Currently, I coordinate the MA Comparative Journalism apart from delivering teaching at both undergraduate and postgraduate levels. I would welcome applications from candidates who are interested in developing their knowledge and understanding of the role of journalism in a global context and how information communication technologies have reshaped journalism as a profession.

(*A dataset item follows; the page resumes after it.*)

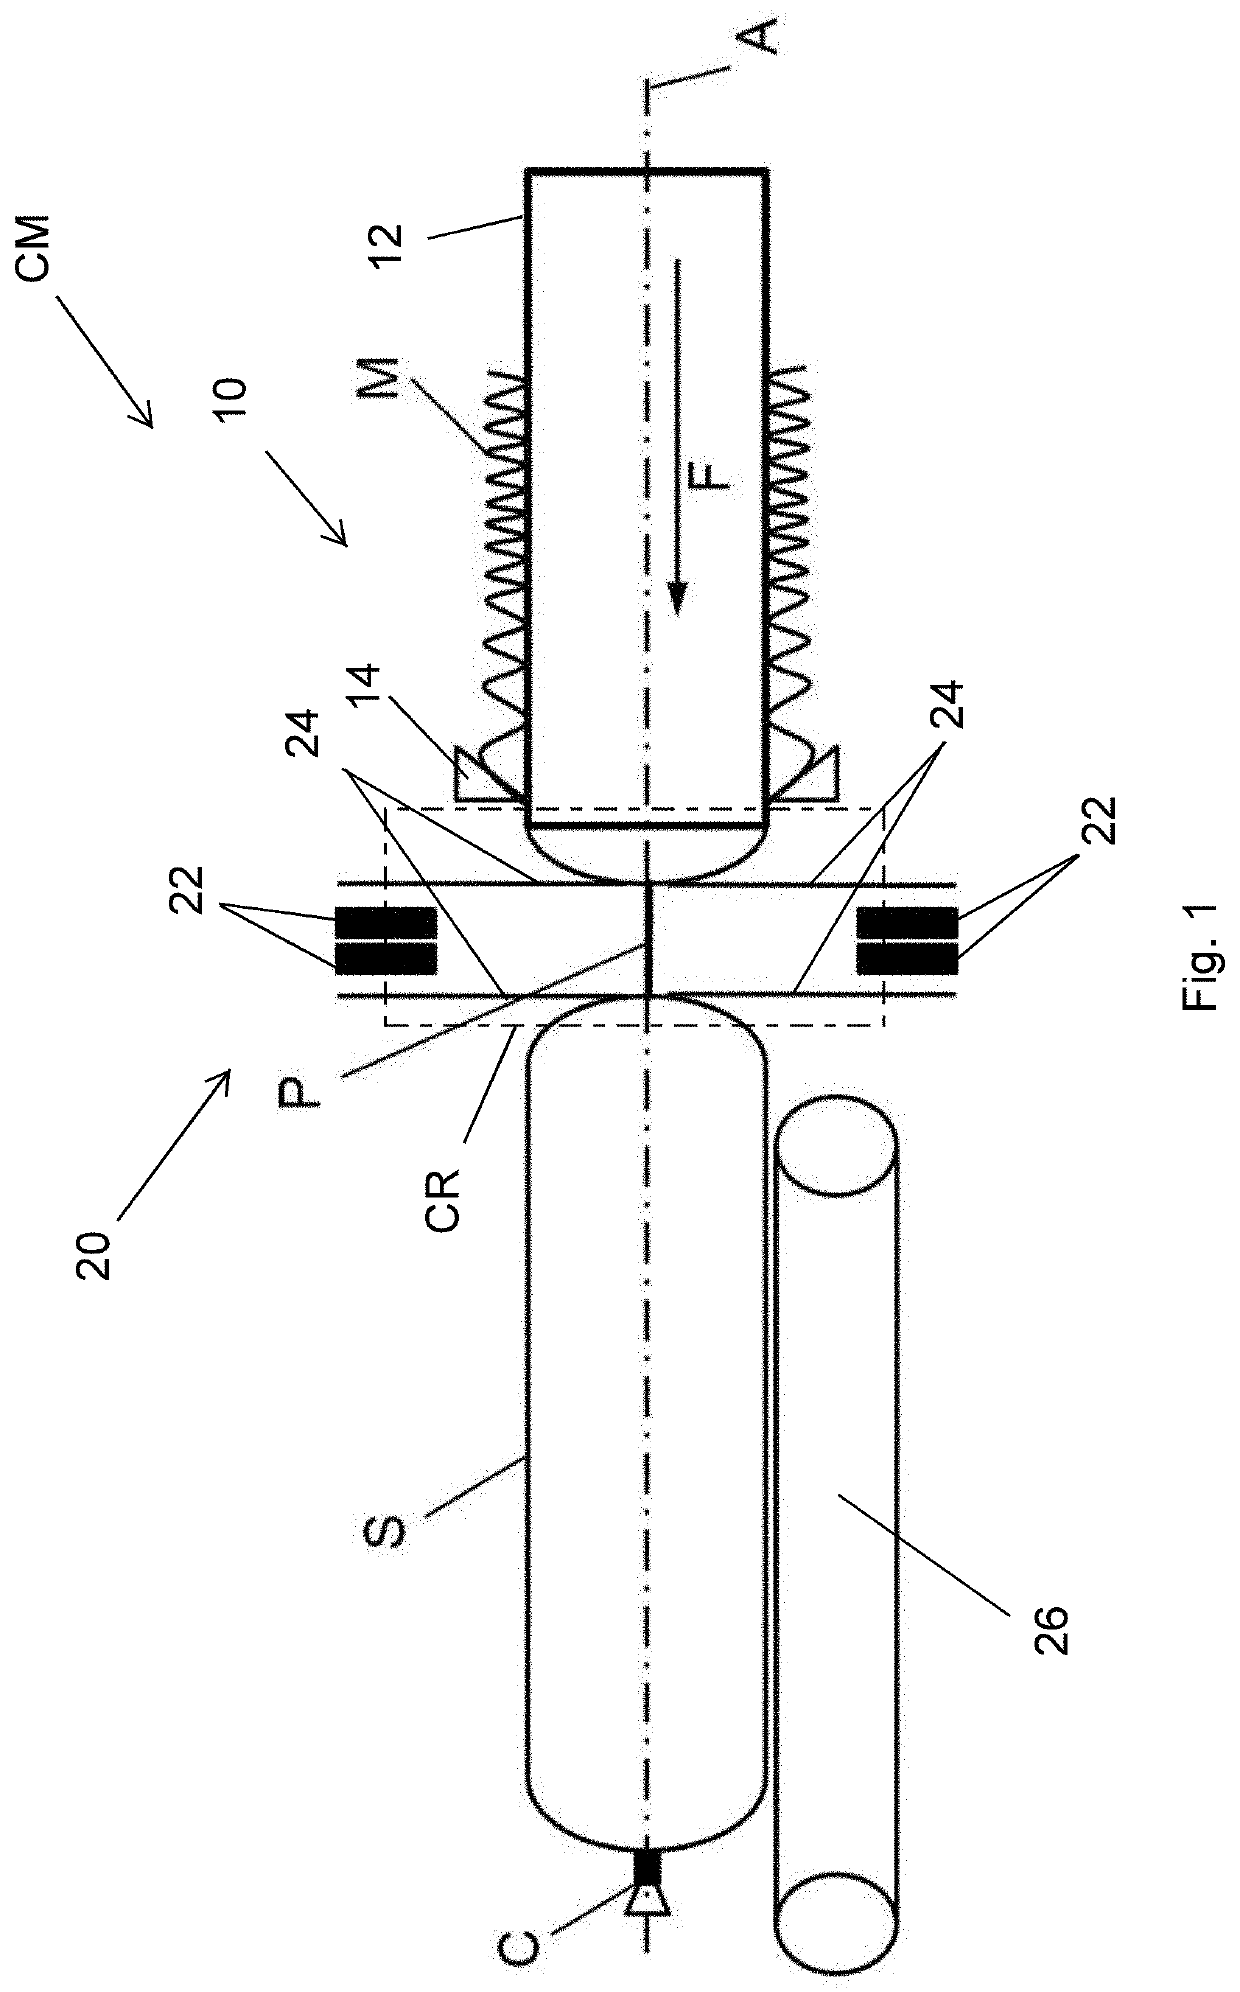 Clipping Machine with Secured Access to the Clipping Region

I also welcome applications from doctoral candidates who wish to work in the fields of global media and comparative journalism, or any area of media and the public sphere, computer-mediated communication, and migration and communication.

Publications

  1. & A new hope? Experiences of accessibility of services in deaf and hard-of-hearing audiences post-digital television switchover. International Journal of Digital Television 6(3), 347-366.
  2. & ‘Crafting Self-Identity in a Virtual Community’. Multicultural Education & Technology Journal 1(4), 238-258.
  3. & ‘China Central Television’s Globalisation Strategy and Its Impact on the World Communication Order’. Modern Communication 5, 42-45.
  4. ‘Drop Dead Gorgeous… and Remain Voiceless’. Feminist Media Studies 9(3), 374-378.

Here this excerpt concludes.